As for the replacement plan her insurer offered, at a shocking $591 a month? Barrette has much better options via the government insurance exchange. Metcalf estimated that she’ll be eligible for “real insurance that covers all essential health benefits” for as little as $165 a month — a higher premium than she’s paying now, sure, but one that won’t cost her her home.

That raises the question of whether the insurers sending out these cancellation notices are trying to cheat their customers, expecting insurance companies to play fair with their customers is as pointless as expecting dogs not to drink from the toilet, but what’s the excuse of the reporters who retail these yarns without fully checking them out? You know how I feel  about that!

It’s time to tamp down the breathless indignation about these health plan cancellations. Many of the departing plans are being outlawed for good reason, and many of the customers losing them have no idea how much financial exposure they were saddled with in the old days. That’s the real scandal in American health insurance, and Obamacare is designed, rightly, to fix it. Look, I personally know people who have, and have had these junk insurance policies. This article and what I wrote here is the truth, they are not only junk, but they put your property and home in danger. Hospitals do go after everything you owe of value if you cannot pay. I know a nice lady, had a stroke, luckily she rehabbed nicely, no thanks to her insurance. Turned out it paid for nothing. The hospital attached her home. Luckily for her, she has three sons who were able to sell the paid for home and with the proceeds pay off the hospital and get her the rehab she needed. They then pooled their money and bought back their mothers house. So now they are all three sharing a mortgage on a house that had been paid off years ago thanks to junk insurance. The fact that our politicians are still playing politics and not doing what is right for you and me should piss you off.

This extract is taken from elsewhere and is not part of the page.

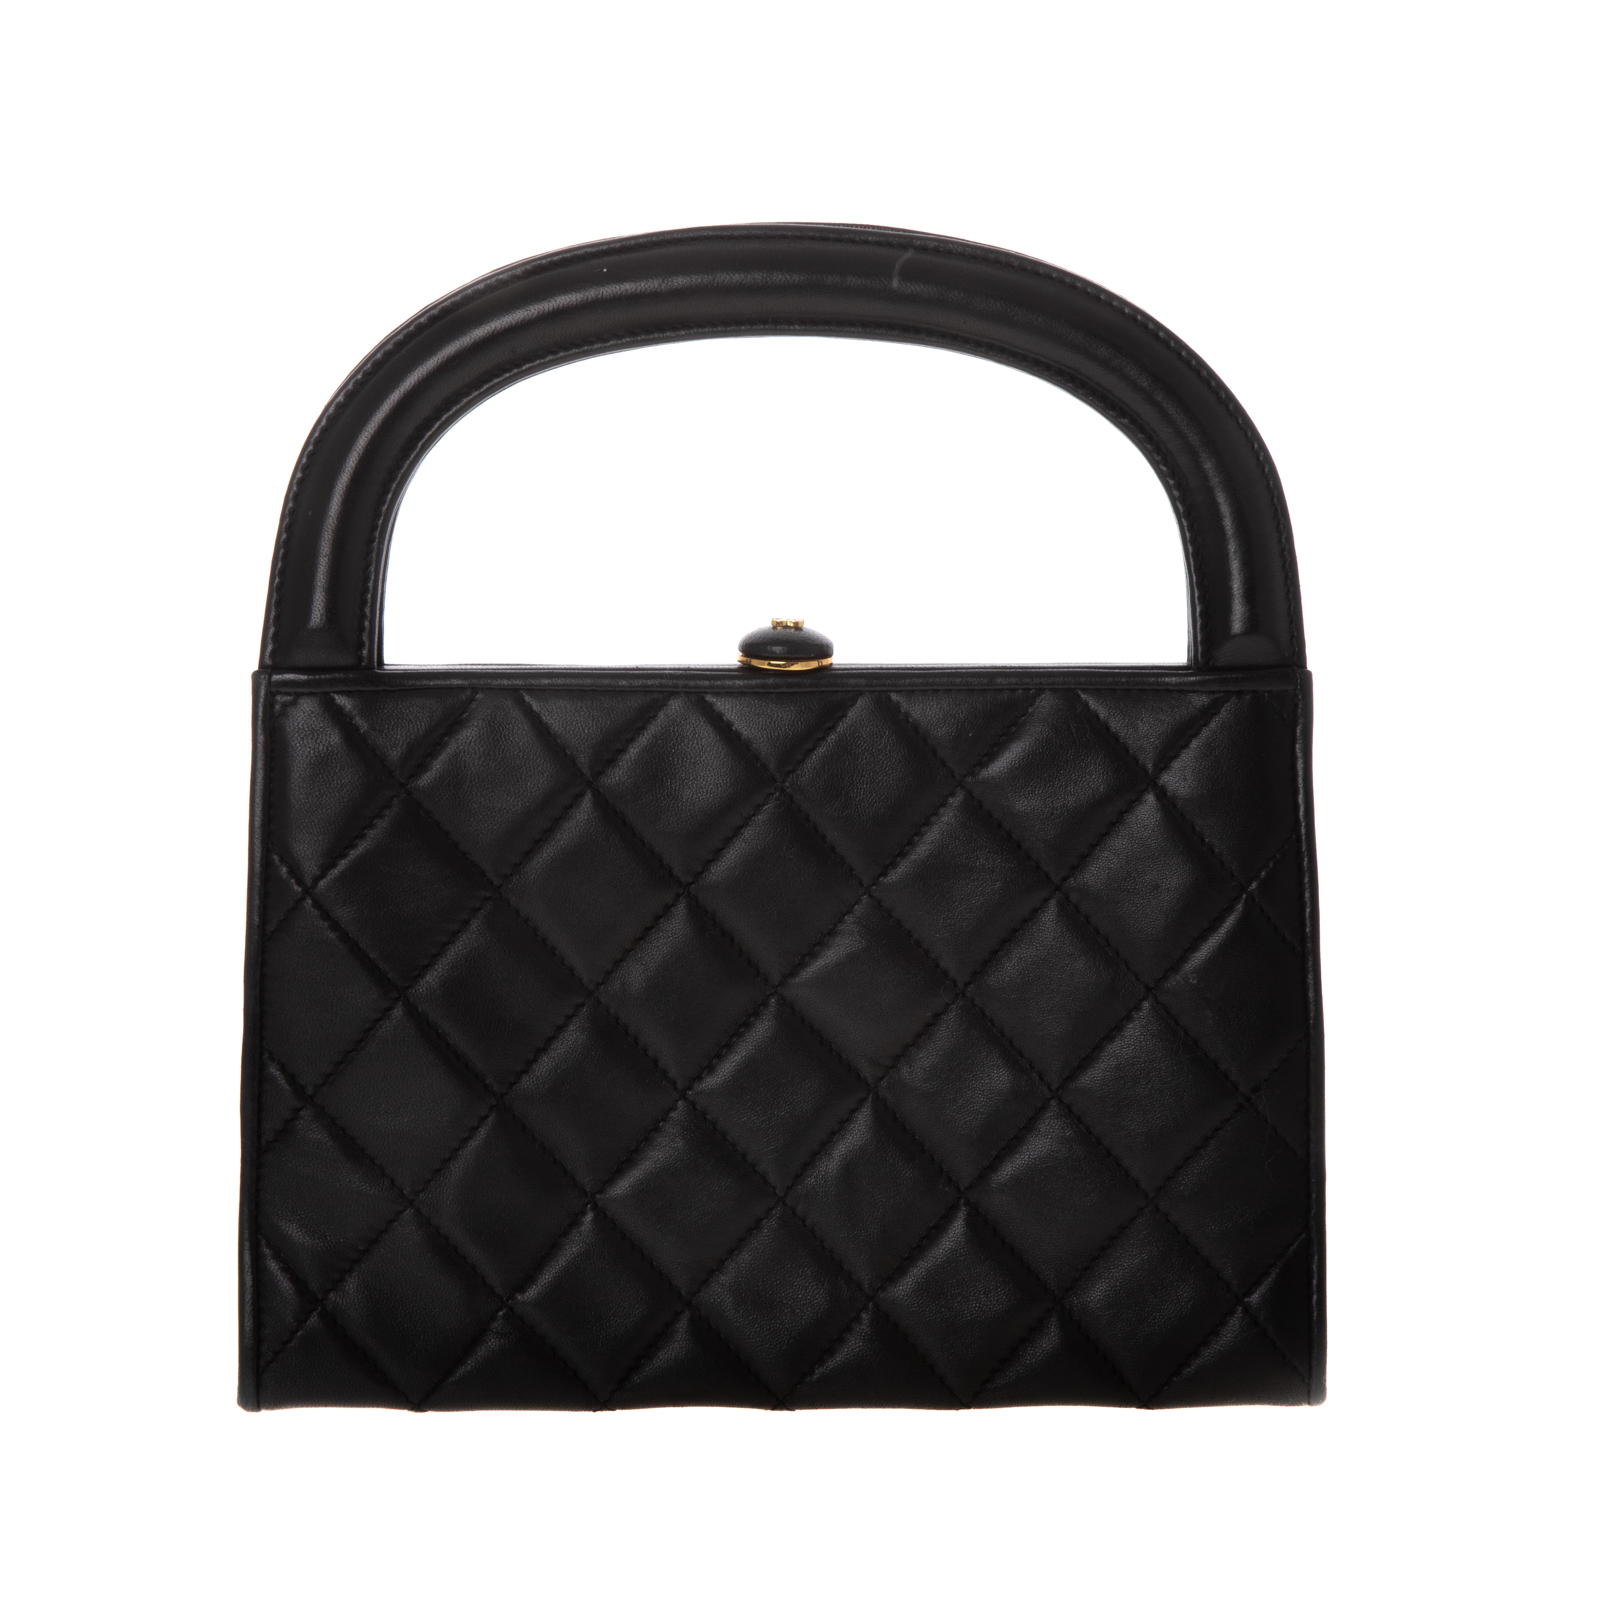 A CHANEL QUILTED TOP HANDLE A black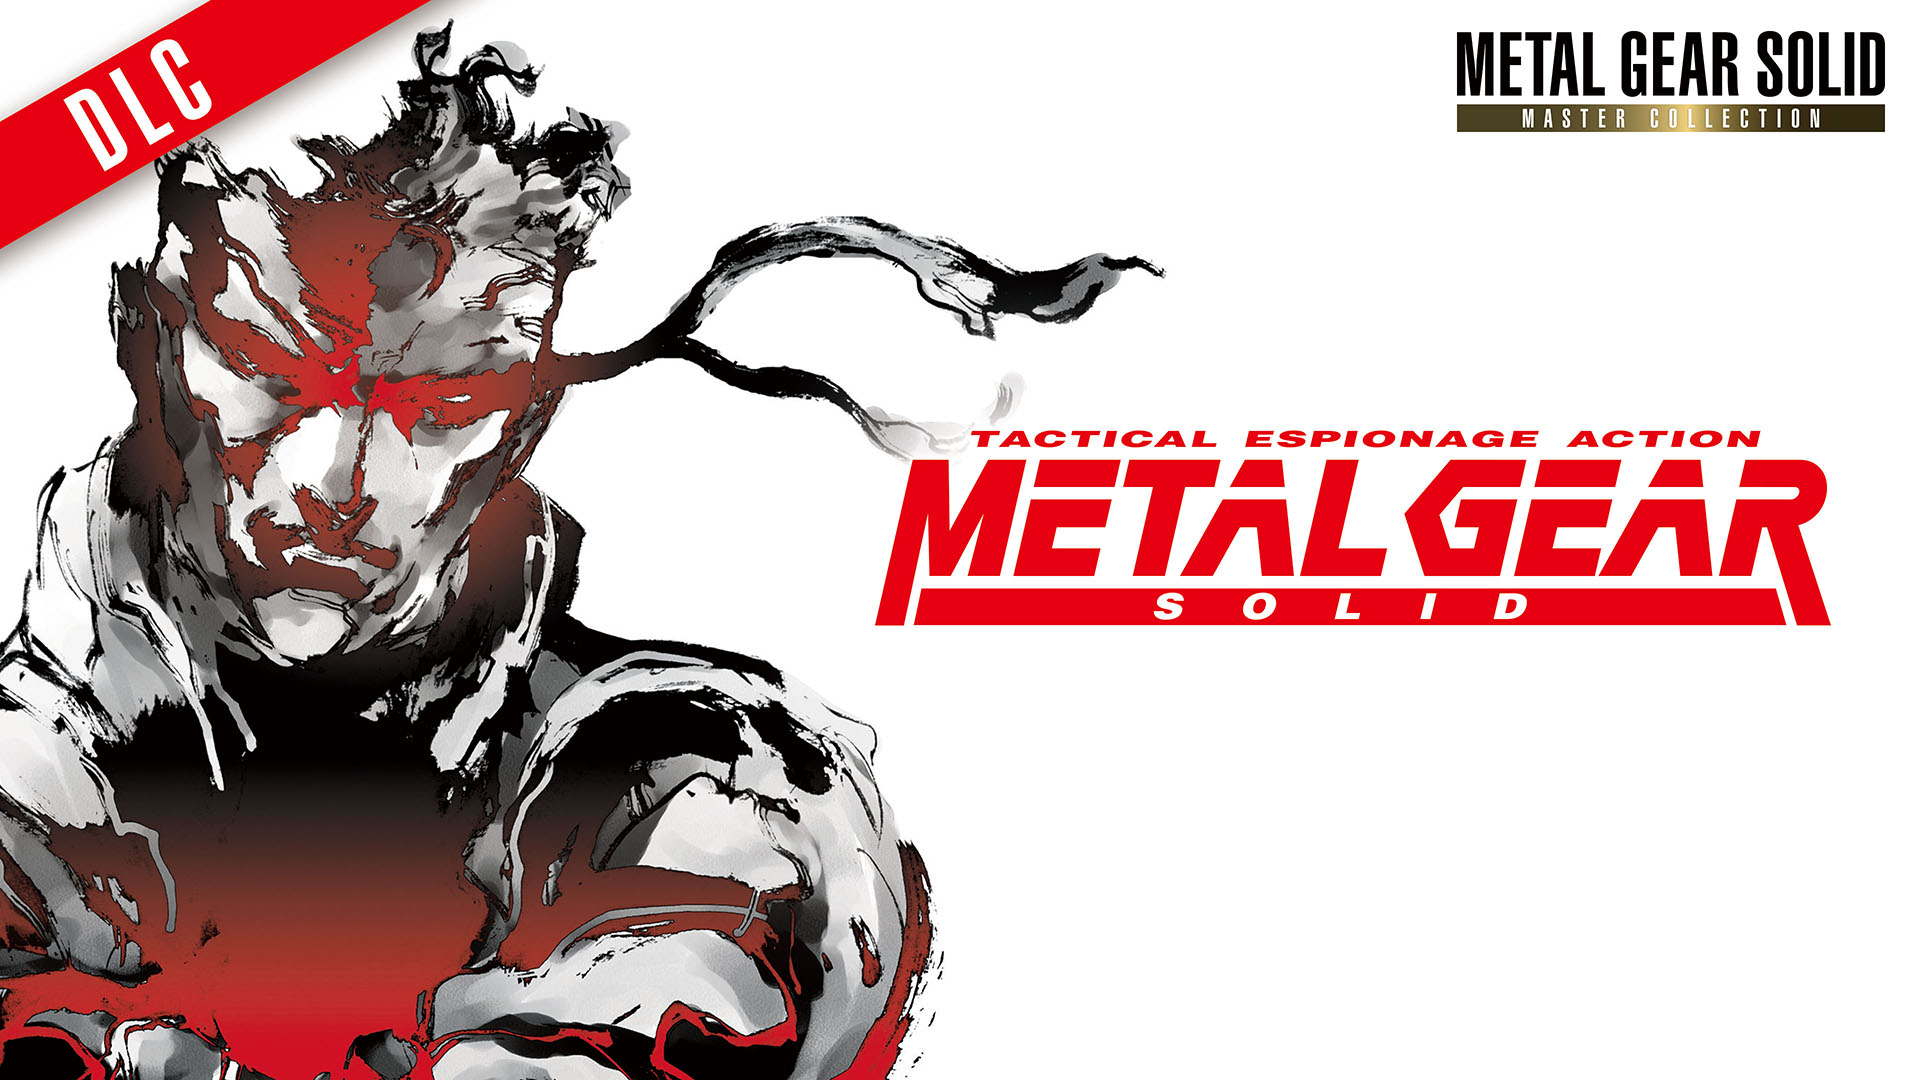 METAL GEAR SOLID - Master Collection Version European Pack

Michael Hiltzik posted the original article in the Los Angeles Times; I edited and added my own thoughts and points along the way.

Here in California you can use the national website, but we set up our own called Covered California. It also had some original glitches, which have been worked out. Mostly caused by the huge mass of people who attempted to access it on opening day. However California, instead of griping and complaining, has made an effort to make it work. You can compare what you have and what is covered with what is available and compare the cost. There are numbers to call with questions. I have heard no one complaining so far, even Fox is keeping its mouth shut, I guess they couldn’t find anyone willing to prevaricate for money in this case.  At least so far as I know!

Comments
  1. Drue says:

    I love Consumer Reports. I checked with them on what would cover my deck best for my weather. It started pealing in 6 months. Took me 2 1/2 months to sand, tons of sandpaper, the cost of the fiber stuff that goes on between the sandpaper and sander, the cost of the paint. /but hey it looked good for 3 months!!

  2. James Mahon says:

    So how is your insurance experience going or is it too early to tell? I personally don’t like the Government becoming involved with health care, but understand the Republican vs. Democrat ongoing war so can’t disagree with you. Also since I am covered by Gvt via the VA, Medicare, and Tri-Care for life basically at no cost to me other than a leg, and various other issues from war injuries, I am not really affected by insurance problems. That said, guess I can’t really complain about Gvt getting involved other than from a philosophical basis.